Perea began running for re-election in January 1865. In a glowing editorial, the Santa Fe Weekly Gazette noted that he had been a highly effective legislator and had stood firm in his support of the Lincoln administration. While admitting Perea’s “efforts have secured but very meager appropriations—sums far below the amounts obtained by his predecessors,” the editors blamed the war for siphoning off federal funds. Alluding to the tempestuous tenures of earlier Territorial Delegates, they appealed to constituents to keep Perea in office because he was experienced. In an effort to defuse potential contenders’ use of a native-son platform, the editors suggested that replacing Perea would be “unfair to the Mexican people as a race” because it would deprive New Mexicans of an incumbent with seniority. Other Members of Congress “are possessed of advantages which the New Mexican people are unwilling to give to their own sons,” they wrote. If Perea “is successfully opposed by a native, that native will be no further advanced than his predecessor.… Thus always we shall have inexperienced Representatives, and so always be subjected to the same imputation and disadvantages.”30 To Perea, the editors wrote, “[You are] worthy of our confidence; you have done your work well and are entitled to the reward of re-election to the place which for two years you have so worthily filled.”31 Perea responded that he was “grateful to the public for past favors” [and] would “endeavor to continue to merit their approbation” upon being re-elected.32

Perea’s acceptance letter for the Republican nomination in July 1865 outlined his successes and his plans for another term. Adopting the party platform, he acknowledged that much of his energy was focused on containing “our deadly enemies” the Navajo Indians.
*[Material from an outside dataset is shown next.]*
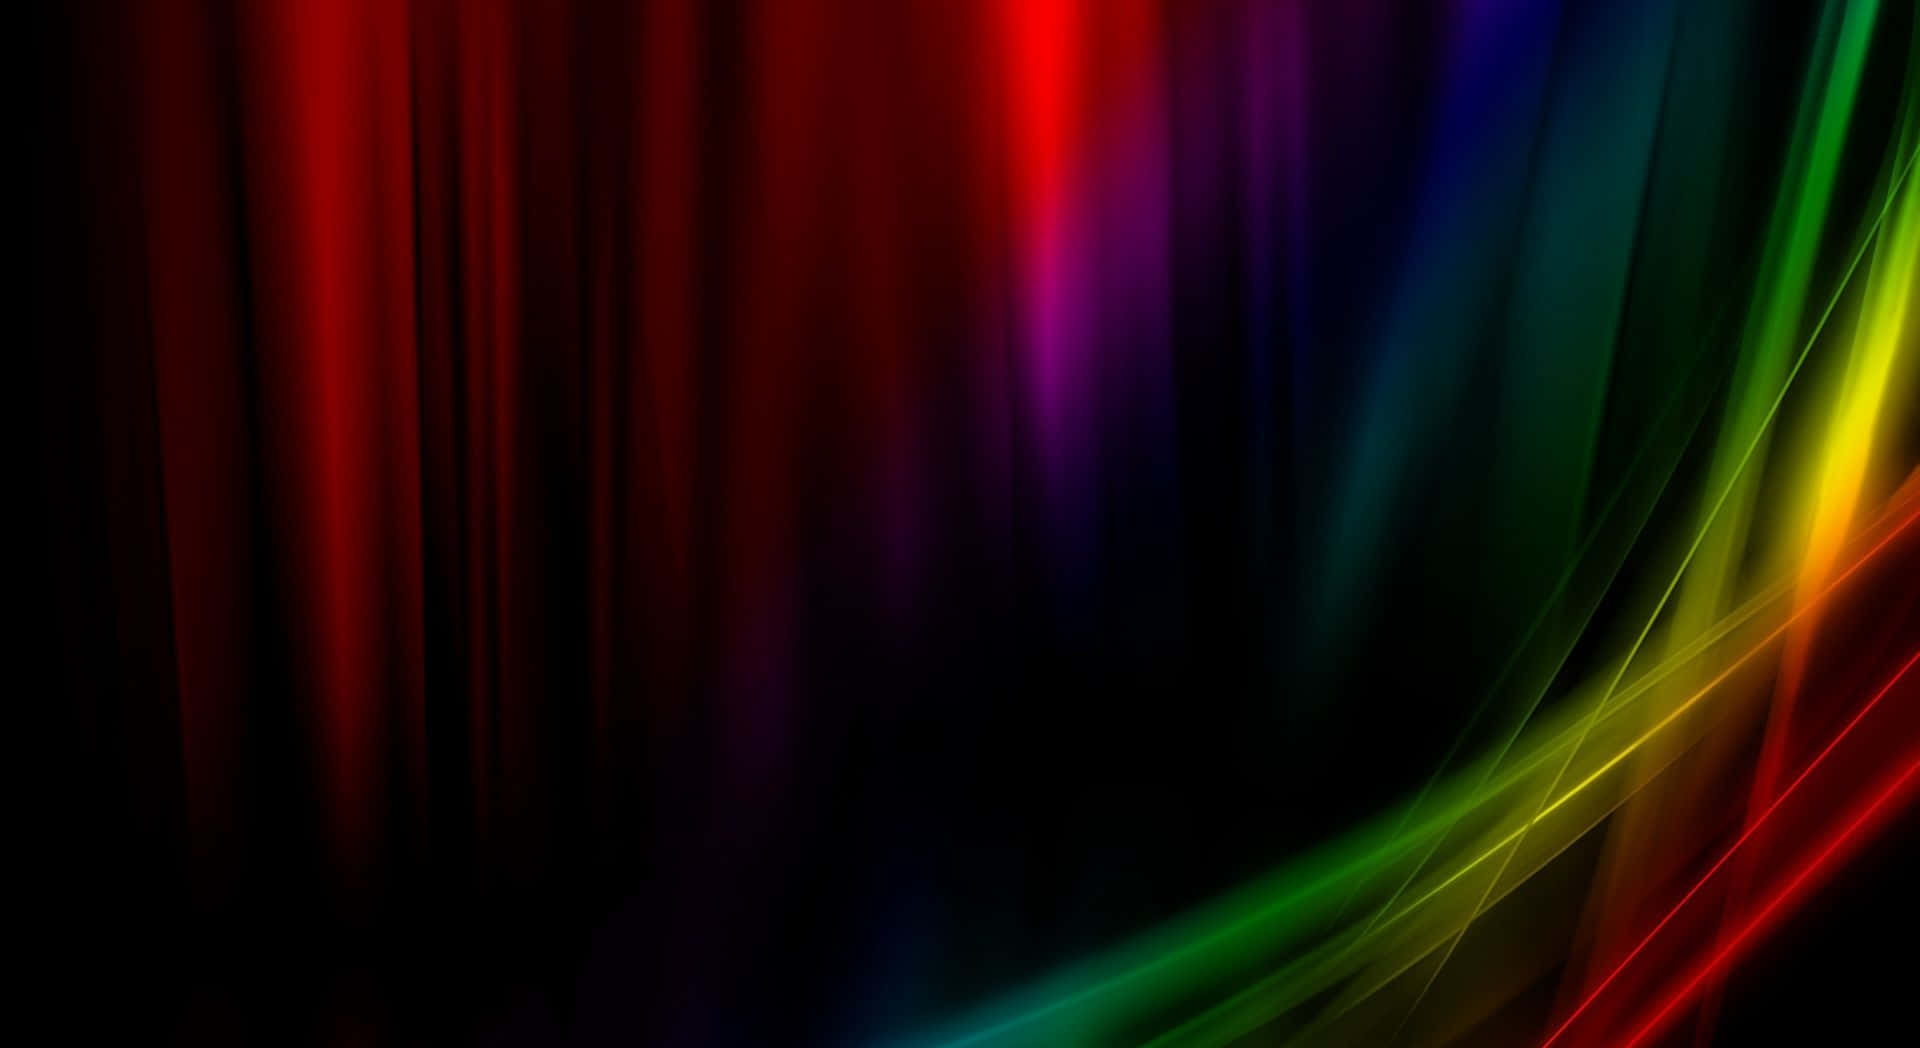 Majestic colors seen in the Black Rainbow Wallpaper

As part of that platform, he embraced a developing military-led effort to forcibly remove Navajos to a reservation known as the Bosque Redondo in eastern New Mexico. Perea noted, “I have steadfastly, in Congress, before the Committees on Indian Affairs in both Houses and before the Interior and War Departments of the Government, advocated the policy which is now observed of keeping that tribe on the Reservation at the Bosque Redondo.” After vigorously defending the policy, he added, “Those who oppose the Government in its efforts to thus relieve us of our despoilers are the worst enemies the Territory can have.” If he was re-elected for another term, Perea promised, “I shall continue to use all the influence I possess to have the reservation system made permanent and in this way, secure lasting peace with the Indians.”33

Perea’s principal election opponent was his cousin, José Francisco Chaves. Although both men were Republicans, they represented distinct territorial factions. Perea was nominated to lead the Union Party ticket. Unionists, explains historian Howard Lamar, “supported the Indian reservation policy … praised General [James H.] Carleton and the troops participating in the Indian campaigns, recognized the supremacy of the United States Government, and condemned Abraham Lincoln’s assassination.” Chaves was an Administration Party candidate. The Administration faction’s loyalties were identical to those of Unionists, but they opposed Carleton’s policy of forcing the Navajos onto the Bosque Redondo Reservation.34

Perea noted that although he and Chaves were “connected by the most endearing ties of consanguinity,” his cousin had “allowed himself to pass into the hands of my enemies, the enemies of my political friends and, as I hold, the enemies of the Territory.”35 The campaign hinged on the Bosque Redondo Reservation experiment. Perea fully supported its expansion, whereas Chaves opposed it. Chaves also criticized Perea’s efforts to regain Los Conejos. Throughout the summer of 1865, Perea’s political standing suffered from his association with the controversial General Carleton, who was eventually removed from his post.36 Chaves prevailed, with a 58 to 42 percent victory.37

Afterward, Perea returned to his business activities in New Mexico and, according to his eulogist W. H. H. Allison, retained a large amount of political influence by controlling federal appointments to the territory under President Andrew Johnson’s administration. Later, Perea was elected to the territory’s Sixteenth and Twenty-Sixth Legislative Assemblies (1866–1867 and 1886–1887, respectively) as a representative of Bernalillo County. In 1881 Perea owned and operated a resort hotel in Jemez Springs, New Mexico, where he also served as postmaster from 1894 to 1905. Perea died in Albuquerque at age 83 on May 21, 1913.38


1“Francisco Perea,” in Maurilio E. Vigil, Los Patrones: Profiles of Hispanic Political Leaders in New Mexico History (Washington, D.C.: University Press of America, 1980): 53–55; “Francisco Perea,” in Matt S. Meier, Mexican American Biographies: A Historical Dictionary, 1836–1987 (Westport, CT: Greenwood Press, 1988): 175; W. H. H. Allison, “Francisco Perea, Delegate to 38th Congress, Dies at Home Here,” 22 May 1913, Albuquerque Morning Journal: 1. This obituary was reprinted verbatim in W. H. H. Allison, “Colonel Francisco Perea,” in Ralph Emerson Twitchell, ed., Old Santa Fe: A Magazine of History, Archaeology, Genealogy, and Biography, vol. 1, no. 2 (October 1913): 210–222. See also Carlos Brazil Ramirez, “The Hispanic Political Elite in Territorial New Mexico: A Study of Classical Colonialism,” (Ph.D. diss., University of California–Santa Barbara, 1979): 274, 285.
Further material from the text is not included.